As of the census of 2000, there were 55,641 people, 20,793 households, and 14,659 families residing in the county. The population density was 124 PD/sqmi. There were 24,449 housing units at an average density of 54 /mi2. The racial makeup of the county was 96.14% White, 2.02% African American, 0.35% Native American, 0.31% Asian, 0.02% Pacific Islander, 0.23% from other races, and 0.92% from two or more races. Hispanic or Latino of any race were 0.80% of the population.

There were 20,793 households, out of which 32.60% had children under the age of 18 living with them, 54.90% were married couples living together, 11.30% had a female householder with no husband present, and 29.50% were non-families. 24.90% of all households were made up of individuals, and 11.20% had someone living alone who was 65 years of age or older. The average household size was 2.48 and the average family size was 2.94.

In the county, the population was spread out, with 24.00% under the age of 18, 9.20% from 18 to 24, 29.40% from 25 to 44, 22.50% from 45 to 64, and 14.90% who were 65 years of age or older. The median age was 37 years. For every 100 females there were 103.30 males. For every 100 females age 18 and over, there were 101.90 males.

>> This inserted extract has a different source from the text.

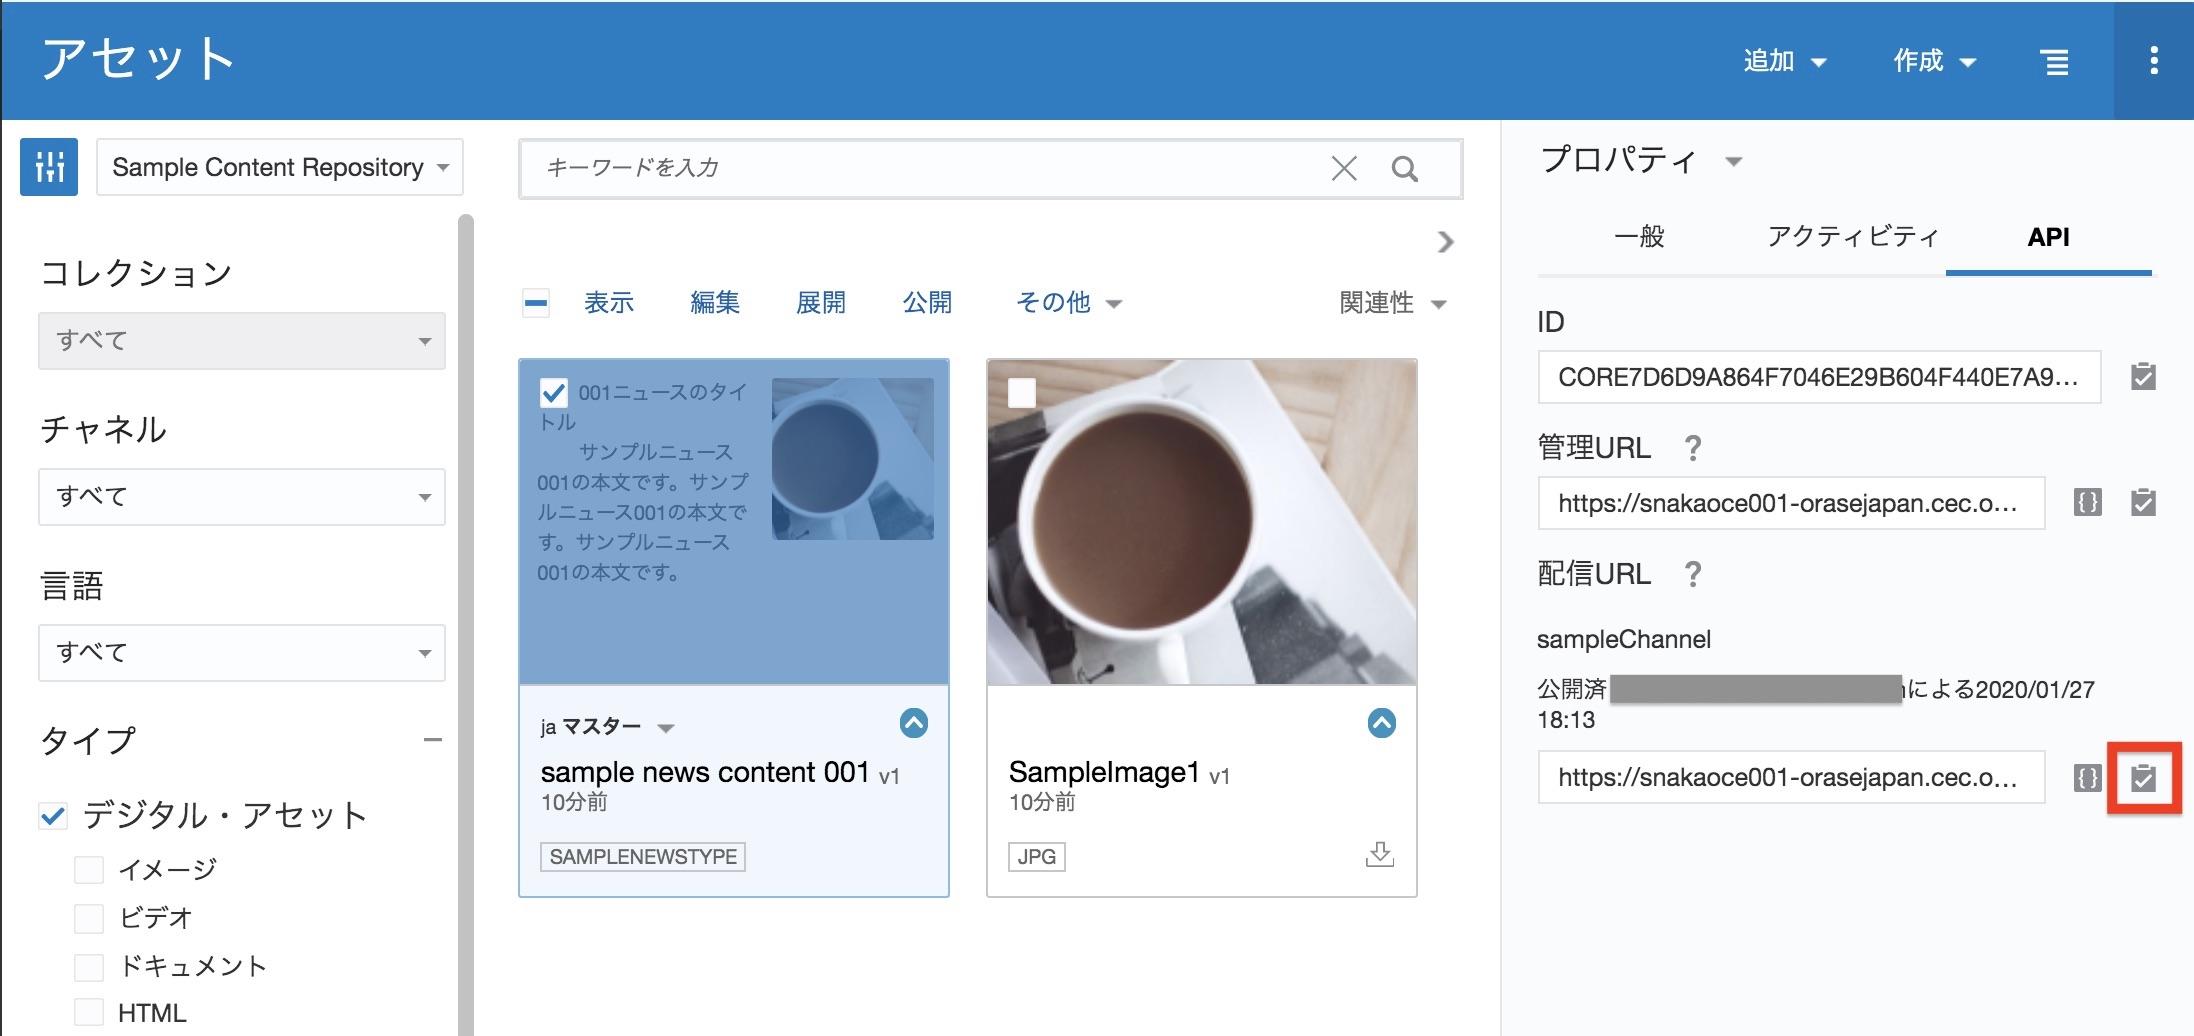 image_oce44.jpg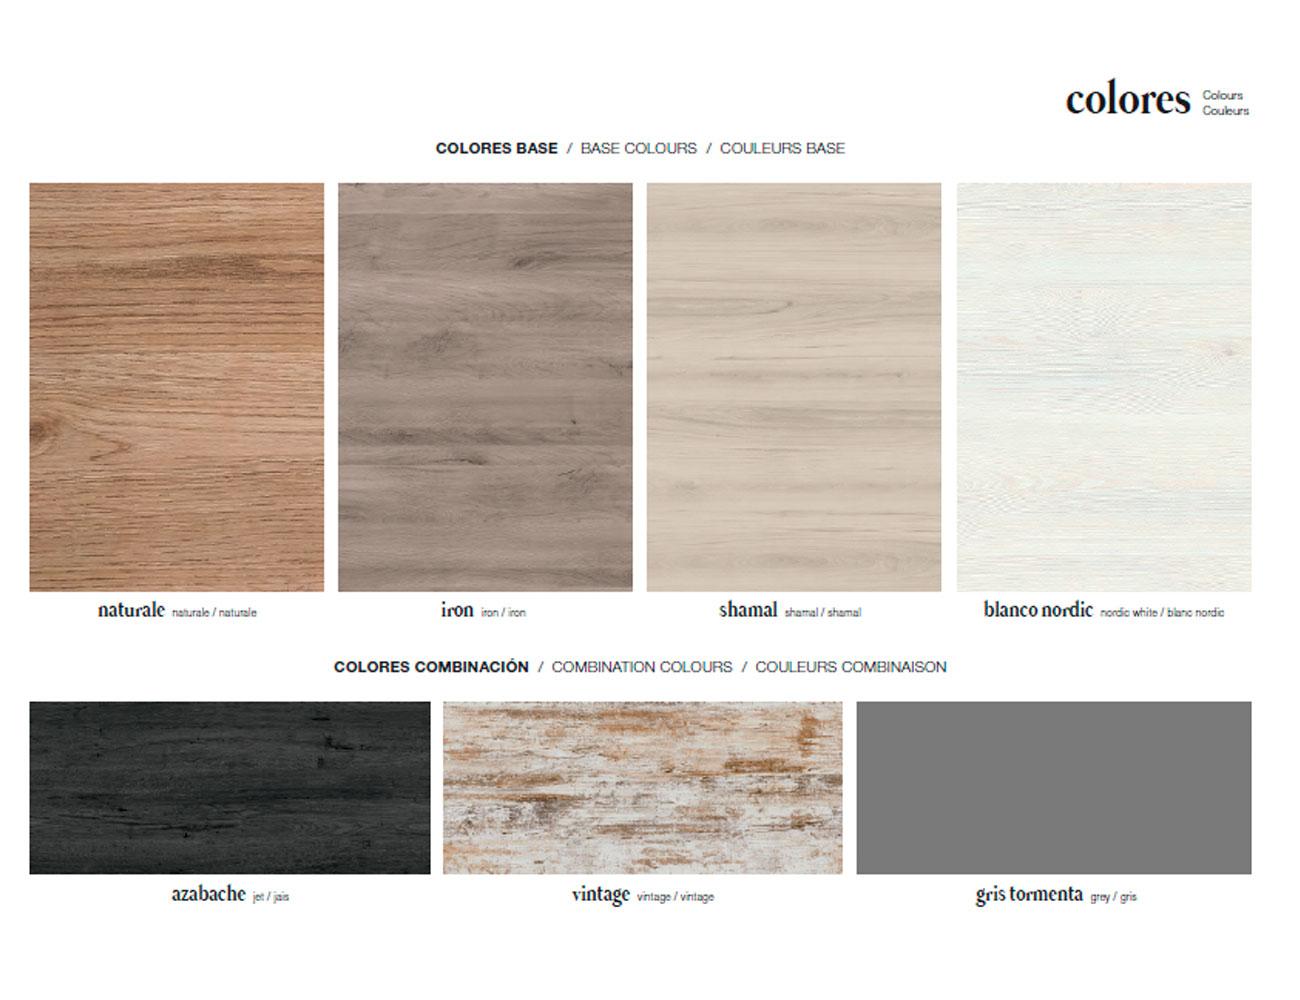 Colores222

The median income for a household in the county was $39,551, and the median income for a family was $47,923. Males had a median income of $29,961 versus $19,412 for females. The per capita income for the county was $19,047. Approximately 14.90% of the population and 11.00% of families were below the poverty line, including 19.80% under the age of 18 and 11.50% over the age of 65.

===Religion===
According to the Association of Religion Data Archives County Membership Report (2000), St. Francois County is a part of the Bible Belt with evangelical Protestantism being the majority religion. The most predominant denominations among residents in St. Francois County who adhere to a religion are Southern Baptists (45.48%), Roman Catholics (14.94%), and Methodists (8.37%). There is also a small Orthodox Christian presence in the county, an example being Nativity of the Holy Virgin Mary Orthodox Church in Desloge.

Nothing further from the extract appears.